Табакне, о чьей жадности говорили, что если она что-то схватит, то никогда не отпустит, сегодня, в виде исключения, раскрыла свой кошелек. Она положила на электронный орган 20 тысяч вон, а затем такую же сумму дала барабанщику с цветной банданой на голове. Работницам Юнхине и Ёнсонне, которые были болтливы, малодушны и притворны, как рыба зунаси, она тоже заблаговременно заткнула рты деньгами. Послышалась песня.
Не печалил ли мадам О ее собственный голос, слившийся с мелодией хэгыма, который, обогнув комнату молодоженов в заднем домике, с сожалением падал под стол с напитками и закусками? Даже «всезнайка» господин Ли, до сих пор радостно выкрикивающий возгласы типа «ольссу!», «хорошо!», «ах!», «эх, ты!» в конце каждой строки песни, вдруг притих и слушал, не произнося ни слова, восхищенно глядя на нее. Несмотря на то, что, по слухам, она была в возрасте, ее фигура до сих пор была безупречно обворожительной.
Пак сачжан, сняв свадебную одежду жениха, не замечая, что мисс Чжу преподносит ему рюмку с сочжу, был занят лишь тем, что украдкой с вожделением смотрел на мисс Мин, которая сидела за шторой из ткани рами, не двигаясь, словно нарисованная. Слегка опущенное лицо ее едва виднелось сквозь ткань, поэтому он испытывал досаду из-за преграды в виде шторы. Согласно правилам церемонии Табакне вошла в комнату молодоженов с новым накрытым столиком и, сделав знак, выгнала находившихся в ней гостей. Это означало, что пришло время уединения жениха и невесты.

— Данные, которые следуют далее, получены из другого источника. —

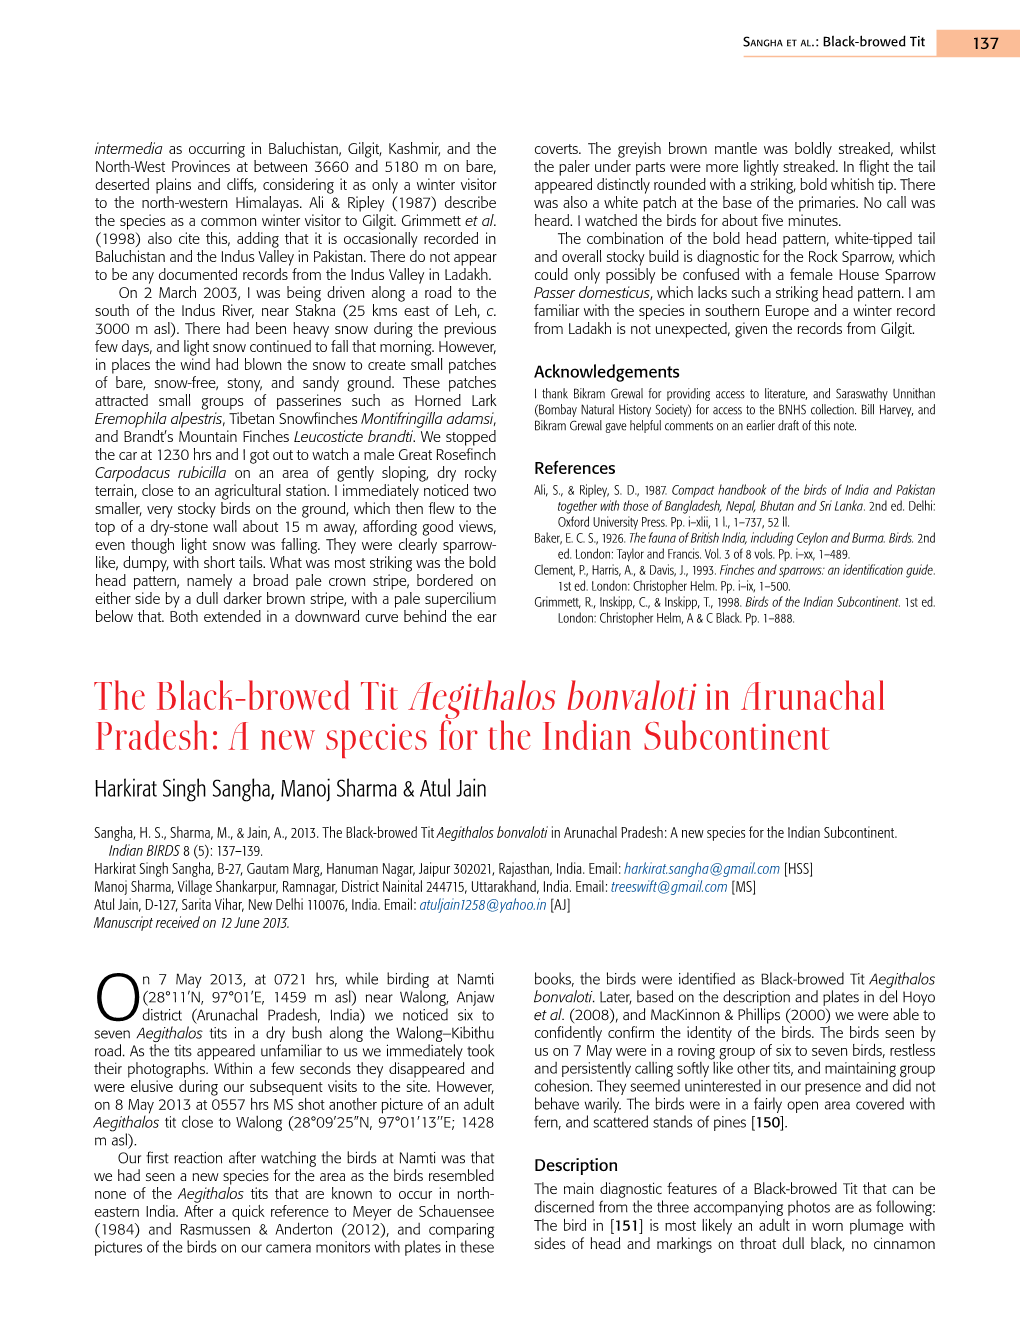 The Black-Browed Tit Aegithalos Bonvaloti in Arunachal Pradesh: a New Species for the Indian Subcontinent Harkirat Singh Sangha, Manoj Sharma & Atul Jain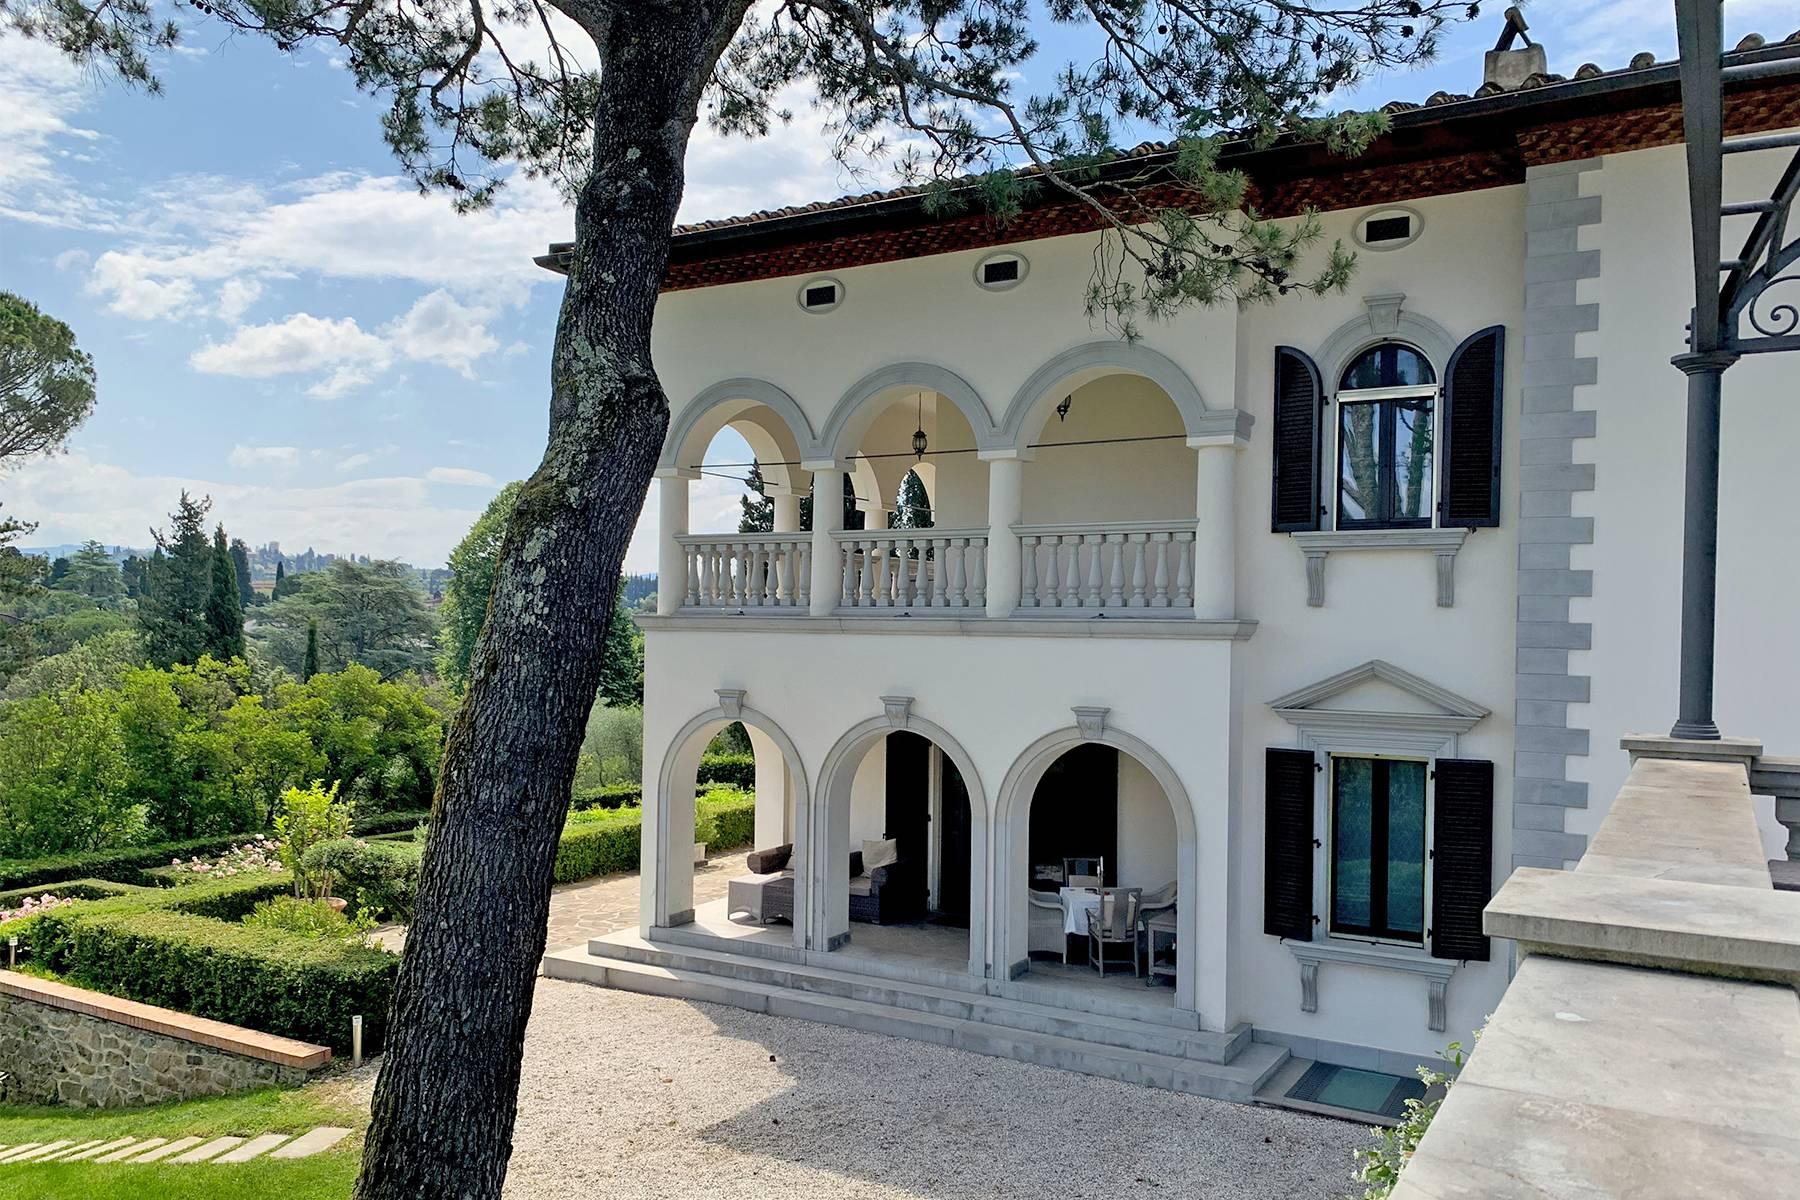 Splendid villa with pool on the Pian dei Giullari hill in Florence - 2

Согласно правилам обряда настало время дежурства. Мадам О, как свидетельница невесты, должна была дежурить у двери молодоженов до тех пор, пока в комнате не погаснет свет. Зная, что это произойдет не раньше, чем через три-четыре часа, она заранее приготовила подушку. Стало тихо и спокойно. Было слышно, как в погрузившемся в темноту дворе заднего домика с треском падала крупнолистковая текома, поднимавшаяся, обвивая стволы деревьев. Прислонившись к двери, она тихим голосом сказала:
— Снимите головной убор чжокдури и свадебное платье.
После того как Пак сачжан убрал свисающую посередине штору из рами, комната, разделенная ею пополам, наконец стала единой. Мисс Мин по-прежнему сидела, опустив голову вниз. Когда он снимал с нее чжокдури и свадебное платье, она, лишь слегка двигая руками и головой, не поднимая головы, смотрела вниз.
— Я все же твой «муж», — сказал он, с нежностью глядя на нее, подсаживаясь к ней, — почему ты не смотришь на меня? Ведь трудно находиться в такой позе, постоянно опустив голову.
— Все дело в том, что ты стесняешься меня? — спросил он, нежно поглаживая по плечу.
— Нет, — тихо ответила она, не поднимая головы.
— В чем же тогда дело? — удивленно спросил он, немного отстранившись от нее.
— Я знаю, — тихо ответила она, — что мне нельзя смотреть на вас до тех пор, пока горит свет.
— Почему? — улыбнулся он. — Это что, принесет несчастье мне или тебе?
— Нет, мне сказали, что это правило кибана, — серьезно ответила она, не поднимая головы.
— Какой смысл в давно устаревших правилах сегодня? — игриво спросил он, продвинувшись к ней ближе. — Давай сделаем, как у всех, чтобы было удобно.
— Неважно, — твердо сказала она, — есть ли смысл или нет, но мне хочется сделать все как следует.
— Что это значит — «как следует»? — непонимающе произнес он, улыбнувшись и отстранившись от нее.
— Это значит, что я хочу показать преданность своей профессии, — еле слышно, но серьезно ответила она.
— Значит, для тебя это не просто временное развлечение? — спросил он, продолжая улыбаться. — В любом случае разве твоя профессия не обречена на исчезновение?
— Это так, но кто-то, хотя бы одна кисэн, должна остаться ей верной до конца, — упорствовала она.
— Ха-ха-ха, — рассмеялся он, хлопая в ладоши, — я даже не знаю, что и сказать. Значит, ты и впредь будешь верна профессии кисэн. Раз так, то сегодня я куплю тебя по самой высокой цене.